Спаситель мог бы его подтолкнуть: что там у вас случилось? Но он предпочел подождать.
– Я боюсь, – сказал Соло.
И опять Спаситель мог бы спросить: чего вы боитесь? Что на вас нападут с ножом? Мести дилера? Но он уважал тот путь, который внутренне проходил Соло. «Тишина помогает плоду созреть, слово – упасть». А вот и слово:
– Привезли парня, которого я вытащил. Вы ведь помните, да?
– Да, вы успели вовремя.
– Он ненормальный. Они должны были держать его в больнице. Теперь он опять в тюрьме и снова возьмется за свое. Потому что и другие возьмутся тоже.
– Другие тоже?
– Да, возьмутся его доводить.
– Значит, он козел отпущения?
Соло пожал плечами, покачал головой – он такого выражения не знал.

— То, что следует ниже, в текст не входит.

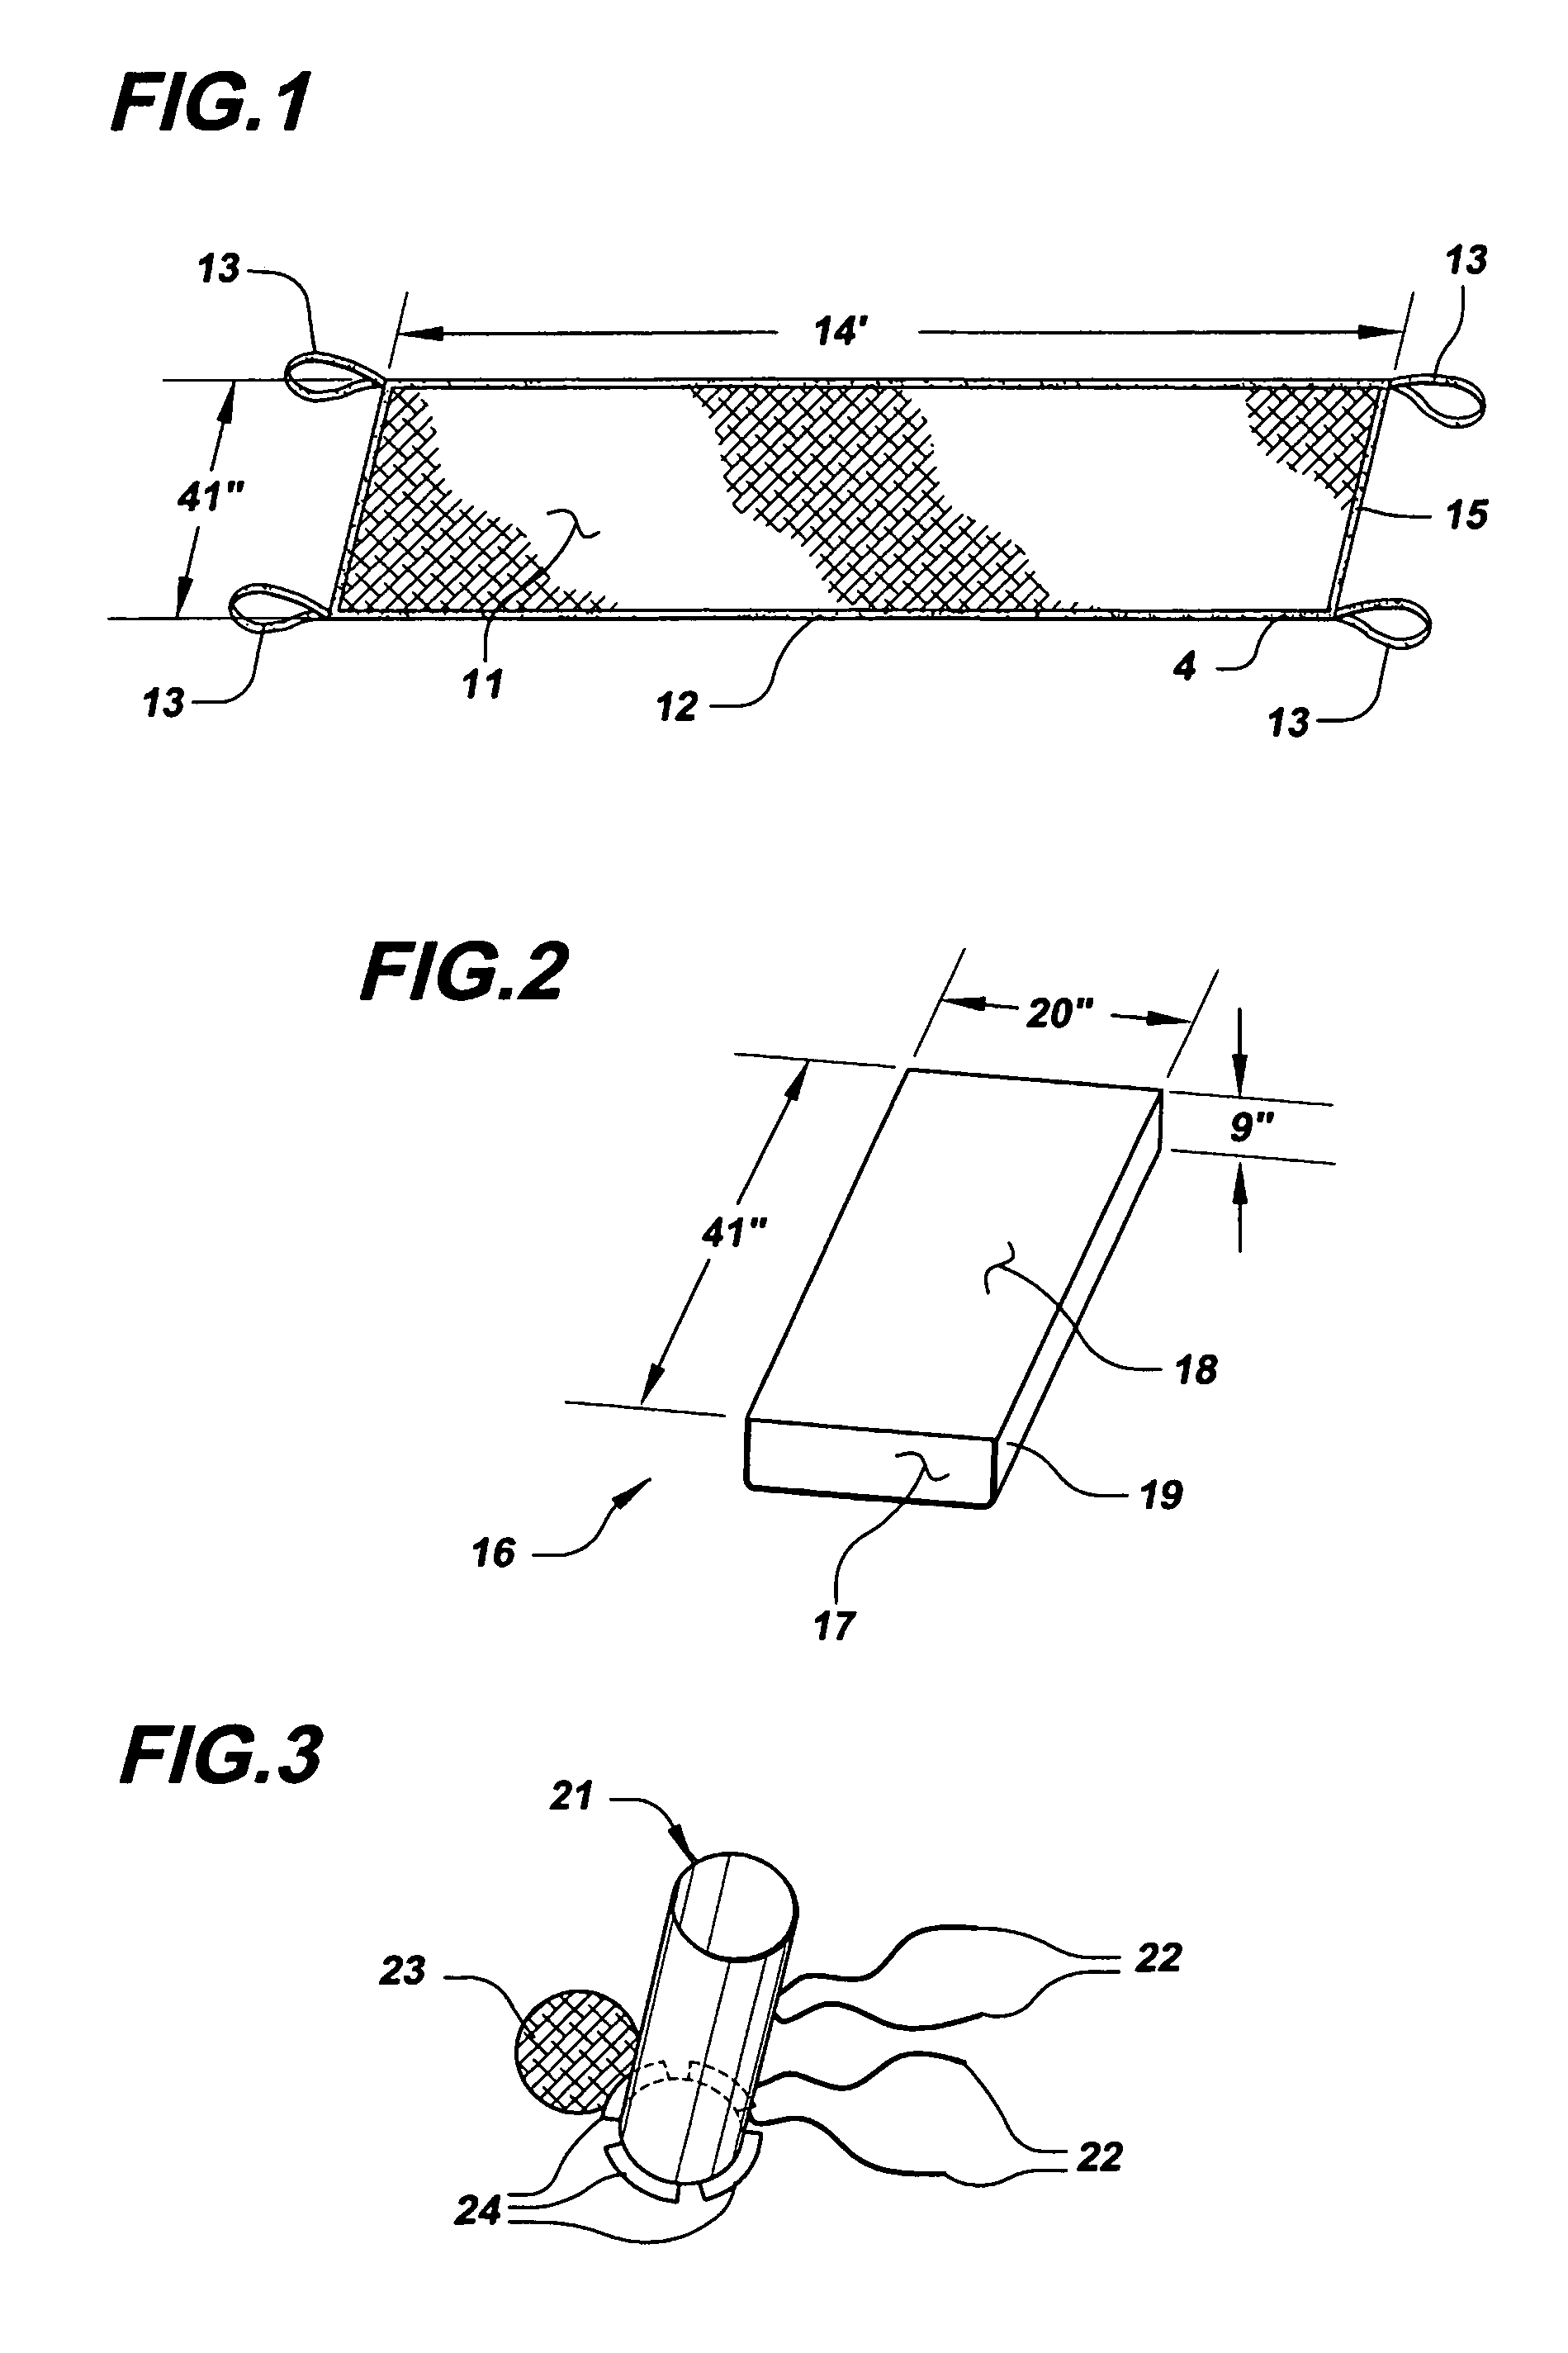 Apparatus for pipeline stabilization and shoreline erosion protection

– Нет, он не козел. Он вообще-то мартиниканец.
– Как я?
– Да, но только в белом варианте, – усмехнулся Соло. – Он белее всех белых вместе взятых.
Спасителю стало нехорошо.
– Альбинос? – предположил он.
– Альбинос? А про людей разве так говорят? Это же про кроликов.
И Соло принялся напевать песенку, которую поют ребятишки в детском саду:
Заметив, что Спаситель сидит перед ним как каменный, он спросил:
– Все в порядке?
– Да-да, – ожил Спаситель. – Значит, он альбинос, и он с Мартиники.

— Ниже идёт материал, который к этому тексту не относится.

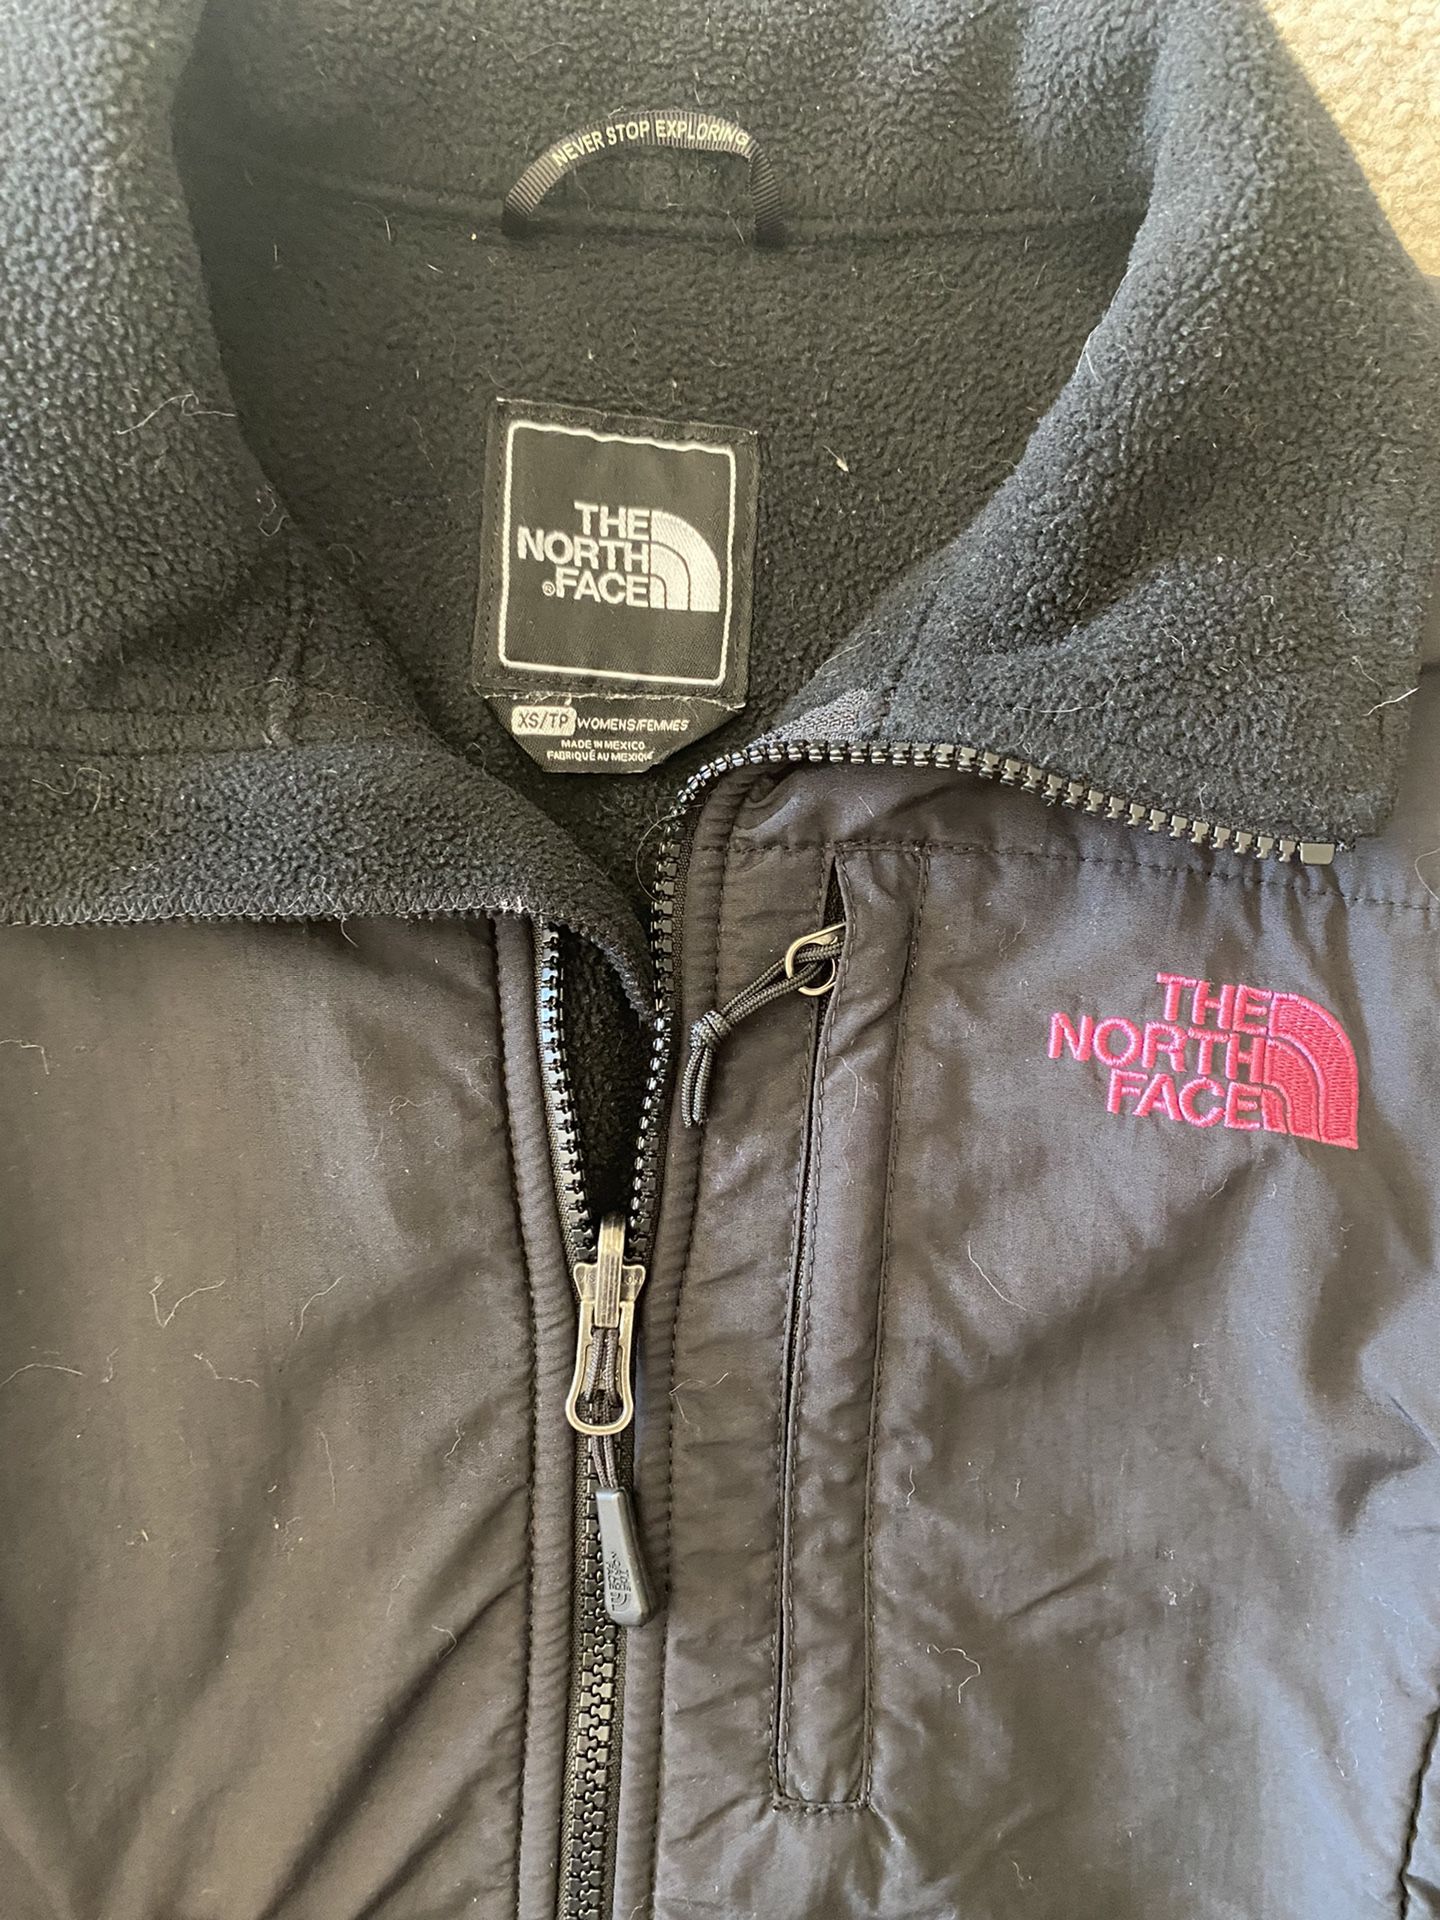 North Face Breast Cancer Awareness Jacket

Стало быть, Гюг Турвиль, его шурин, пытался покончить с собой в тюрьме в Саране.
– А чем он остальным насолил?
– Насолил? – скривился Соло. Честное слово, очень странная манера выражаться у его психолога.
– Чем он им не нравится, если они его доводят? – пояснил Спаситель.
– Парни на него напали, потому что петухов не любят.
Теперь Спаситель не понял Соло.
– Петух – это кто?
– Кто мальчишек насилует.
– Но…
Спаситель открыл рот, чтобы сказать, что это уж никак не про Гюга, но вовремя спохватился. Психологическая консультация – одно, а его личная жизнь – другое. Он кашлянул.
– Так-так-так. И значит, по этой причине его довели до самоубийства?
– Не только. Я же тебе сказал, бедный парень не в себе. Он все время сказки рассказывает, говорит, что может убивать на расстоянии, а у нас есть и еще антильцы, и они говорят, что у них там на самом деле есть такое колдовство.
– Вуду?
– Ага, наверное. В общем, они этого вуду решили загнать в угол. А теперь, представь себе, начальство не нашло ничего лучшего, как отправить его в камеру к двум другим, которые тоже пытались самоубиться. А делать-то надо совсем наоборот. Его надо в одиночке держать. И на прогулку выводить, когда во дворе никого. Сторожить надо. Я тебе все объясню: во дворе есть мертвый угол, там охране не видно, что парни делают. А они отжимают туда кого приглядели, и дело тогда табак. Я предупредил шефа, а он послал меня куда подальше. Им плевать на бедолагу. А если он самоубьется и статистику им испортит, мне же по башке и настучат. Никакой справедливости, брат, на свете. – И с трогательным простодушием Соло заключил: – Обиднее всего, что Темная сторона Силы побеждает.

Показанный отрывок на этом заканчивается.